The one in the Spurgeon looks about right. the only one in red book 9 shows a clear pint around that amount but don't know, as yours appears aqua, perhaps changed or added in rb 10. better pics of yours in full light with white background would help. Still nice jars!


----------



## auburnny (Dec 28, 2012)

These are now up for auction on Ebay. Thanks! I hope everyone has a great new year.
 http://cgi.ebay.com/ws/eBayISAPI.dll?ViewItem&item=170966186173&ssPageName=ADME:L:LCA:US:1123


----------



## auburnny (Jan 17, 2013)

Jars have been relisted.
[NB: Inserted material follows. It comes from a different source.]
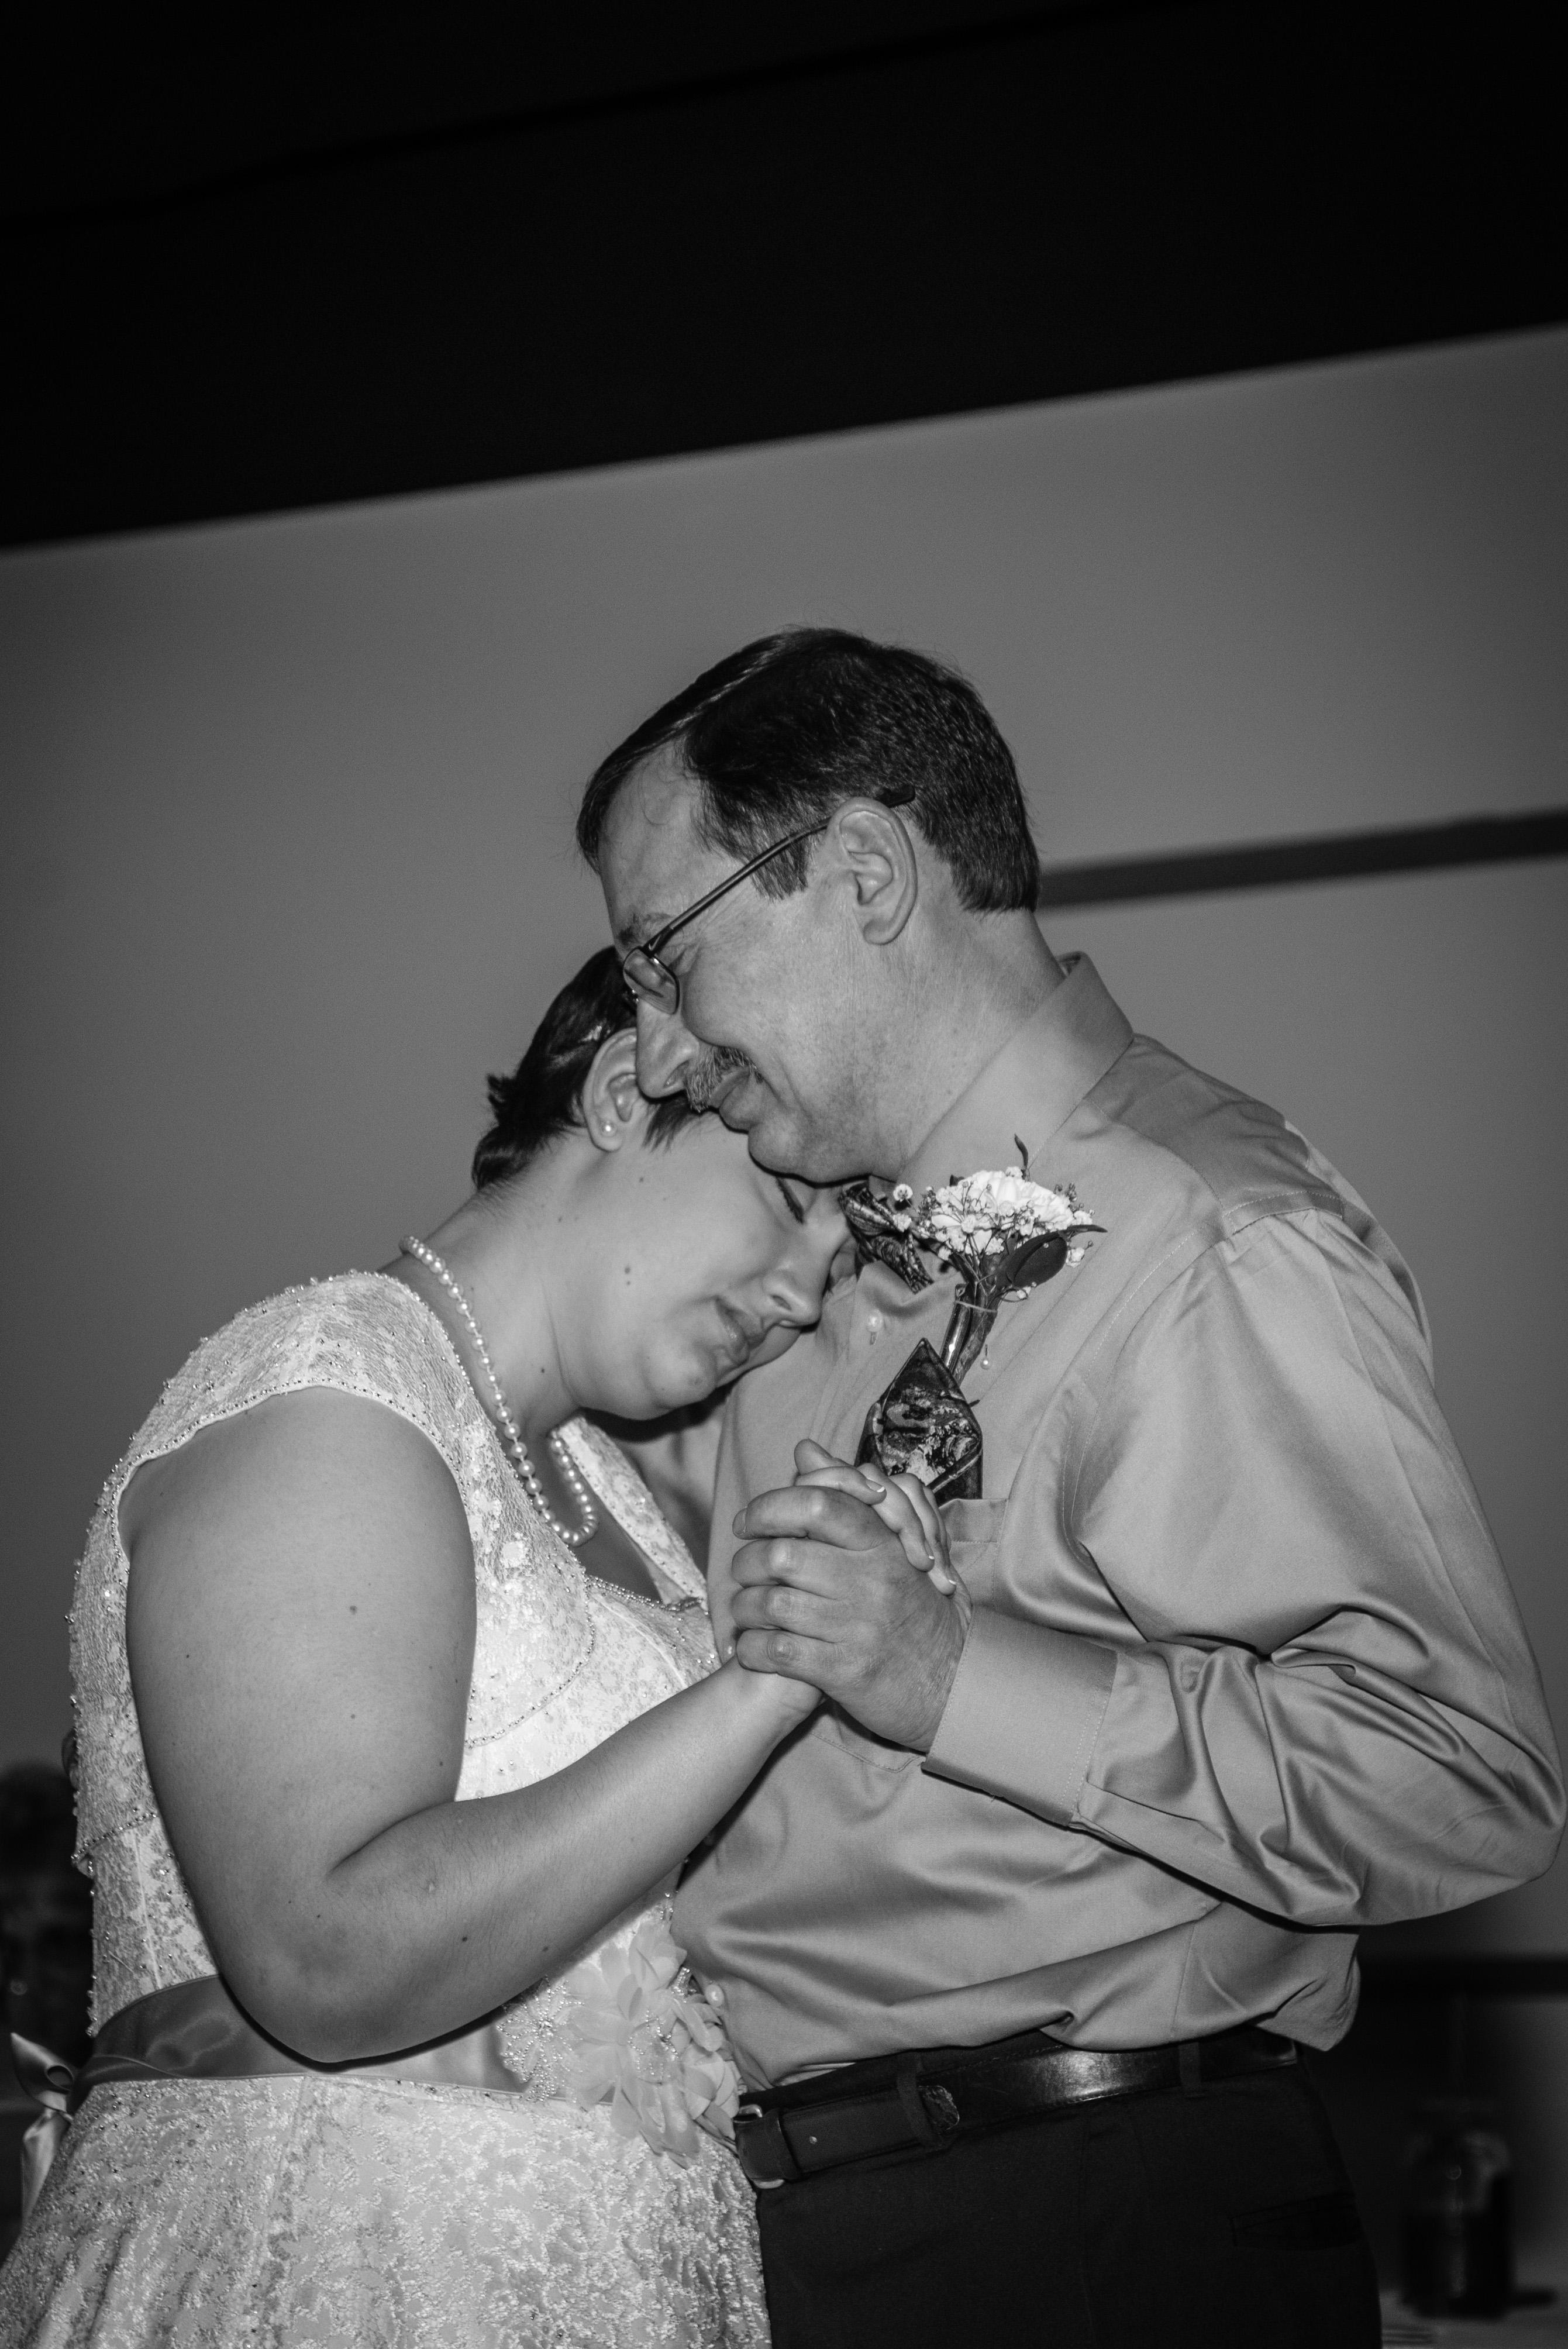 DeweyPhotography_Weddings_Binghamton_NY-43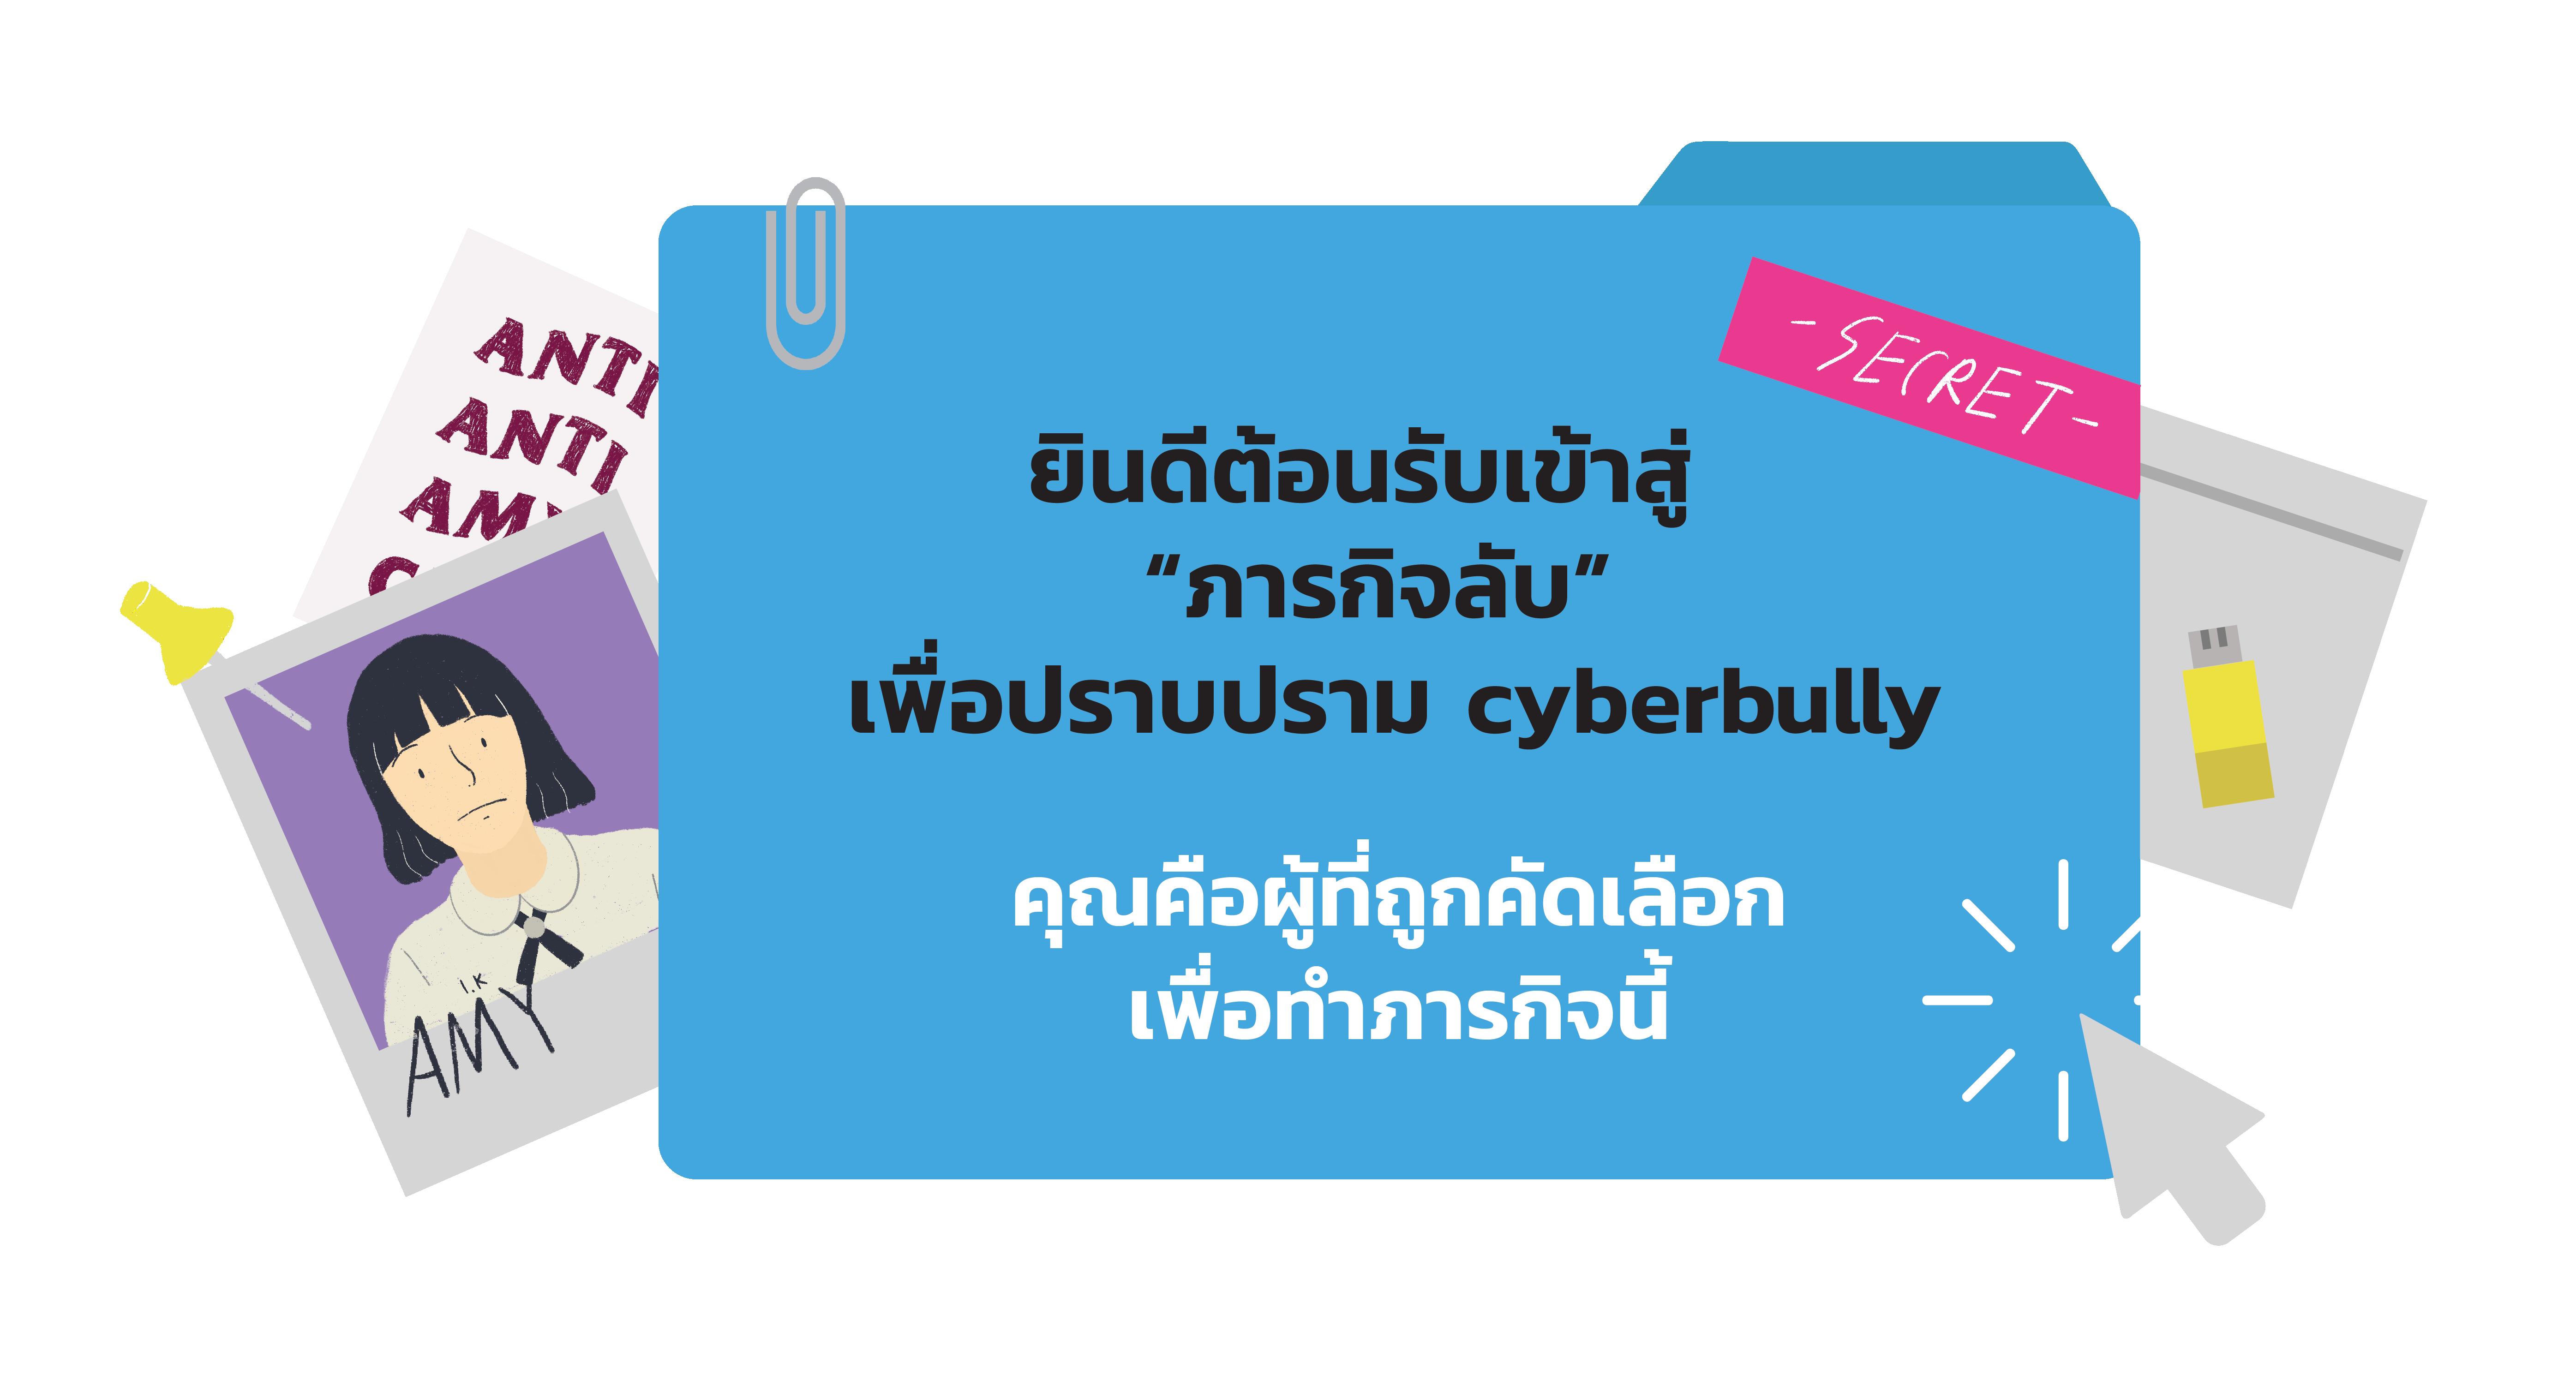 ภาพประกอบไอเดีย สื่อการสอน ภารกิจลับเพื่อปราบปราบ Cyberbully

Selling all 8 for $180.00. Thanks!
 http://cgi.ebay.com/ws/eBayISAPI.dll?ViewItem&item=170976231057#ht_500wt_1414


----------



## epackage (Jan 17, 2013)

If you have a reserve why start the jars at such a high price? Start them at 99Â¢ and let them ride, you might get people in a bidding war..


----------



## auburnny (Jan 17, 2013)

Good idea. I'll change the listing.


----------



## idigjars (Jan 18, 2013)

Good luck with your sale.  Paul


----------